User interfaces, like any organism, evolve over time, adapting to an ever changing ecosystem. What was once a cutting edge technology can all too soon become an anachronism.

To me the take-away lesson is this: Technology changes, but people do not. We can always be counted on to embrace whichever tools will best allow us to communicate with each other.

2 × 2 × 2 × 2, part 4

I don’t know about you, but for me the results of yesterday’s experiment in “seeing a cube like a Flatlander” were discouraging.

After all, you and I have something in common: We are very familiar with three dimensional objects like cubes. All of us can understand what is going on when we see a cube rotating, and some people can even mentally rotate a cube entirely in their mind, without needing to look at a cube.

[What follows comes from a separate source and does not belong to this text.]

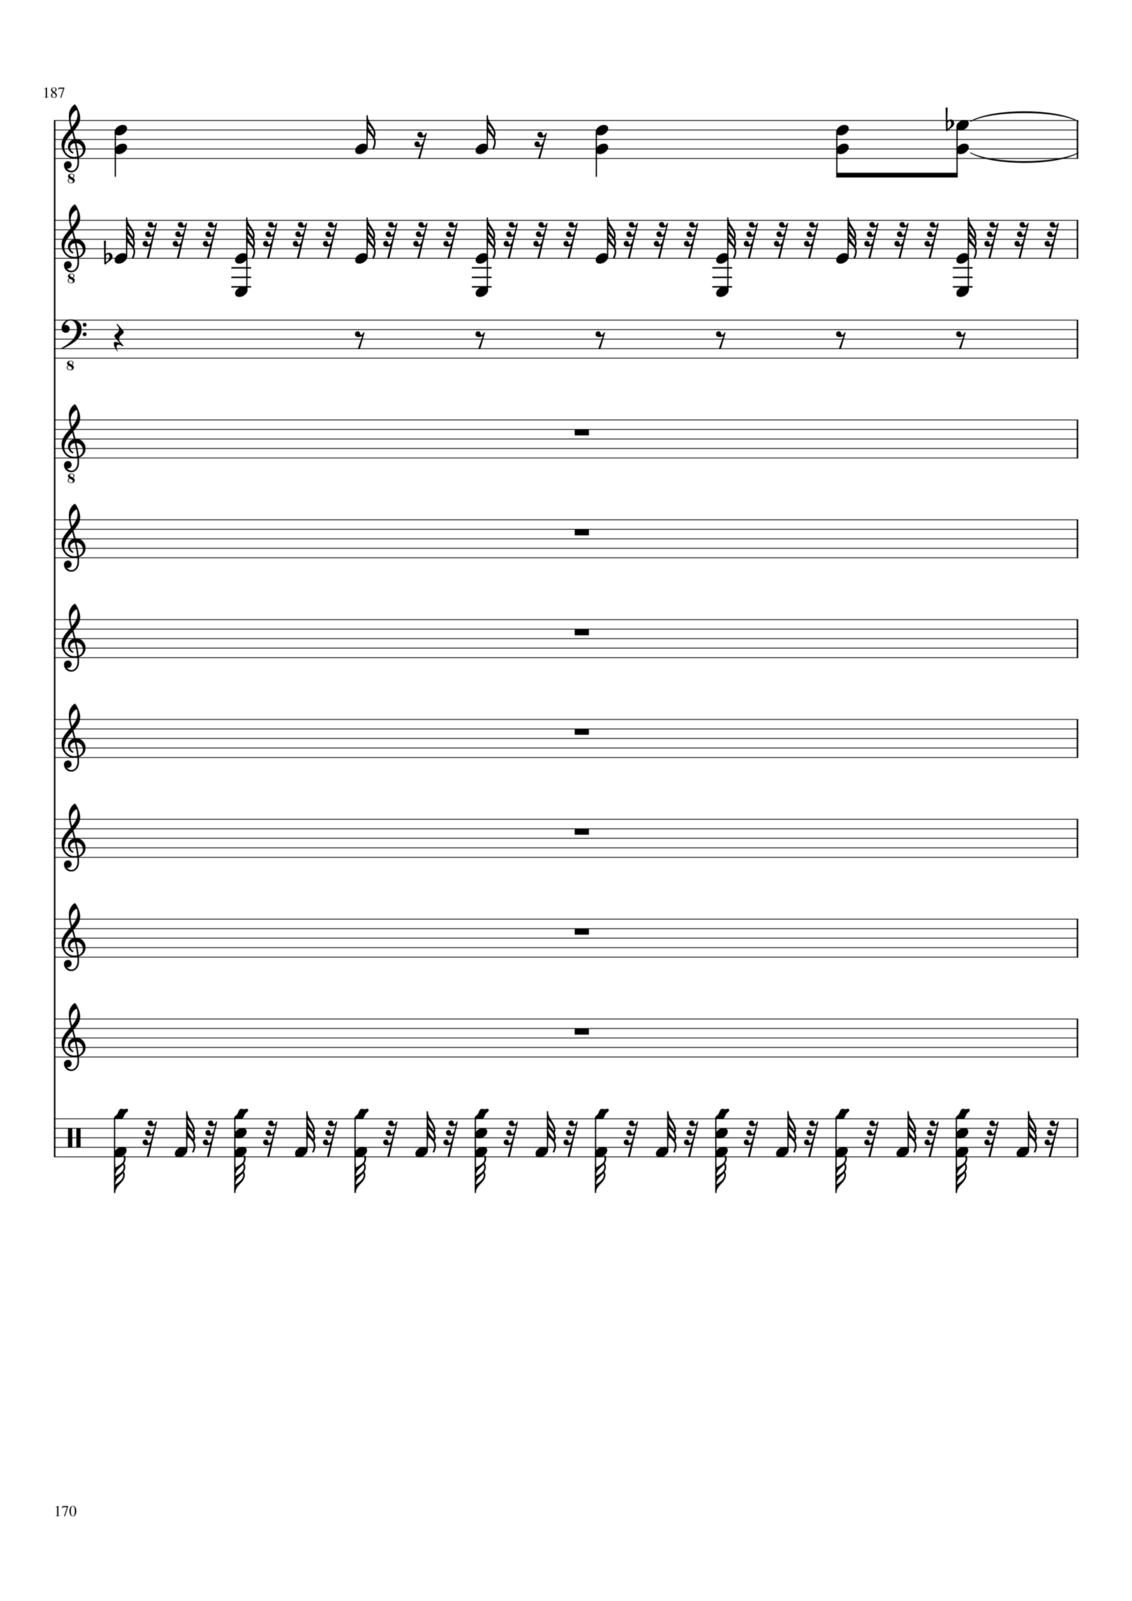 Belyiy sokol slide, Image 170

Yet when I look at the representations of a rotated cube that I made in yesterday’s post, I experience a disconnect. Intellectually I know that the rotations are correct, because I can trace the path of each of the cube’s eight corners as it travels to its new position.

But looking at this visual representation does not give me the automatic intuition that I get from viewing the usual perspective view of a rotating cube. My spatial intuition does not quite survive the change in visual representation — even though the new representation is indeed spatial and geometric.

The conclusion I reach from this (since I am an optimist by nature) is the following: In order to use a technique like this to gain an intuition about four dimensions, we would first need to train ourselves to develop a spatial intuition for nested “outer/inner” as a stand-in for “front/back”.

One way to do this would be to develop a game that portrays a 3D cube using “outer/inner” to represent depth, and then challenge the player to solve a progression of puzzles that require rotating that cube. Eventually the player’s existing spatial intuition about cubes and 3D rotation would transfer over to this new representation.

And then we would be ready to try to tackle the 4D hypercube. To do this, we would start with a true 3D cube, and add “outer/inner” as a graphical stand-in for a fourth dimension.

I’m not saying this multi-stage plan would work. I’m just saying that it seems like a reasonable thing to try. I’d love to get the opinions of others on this.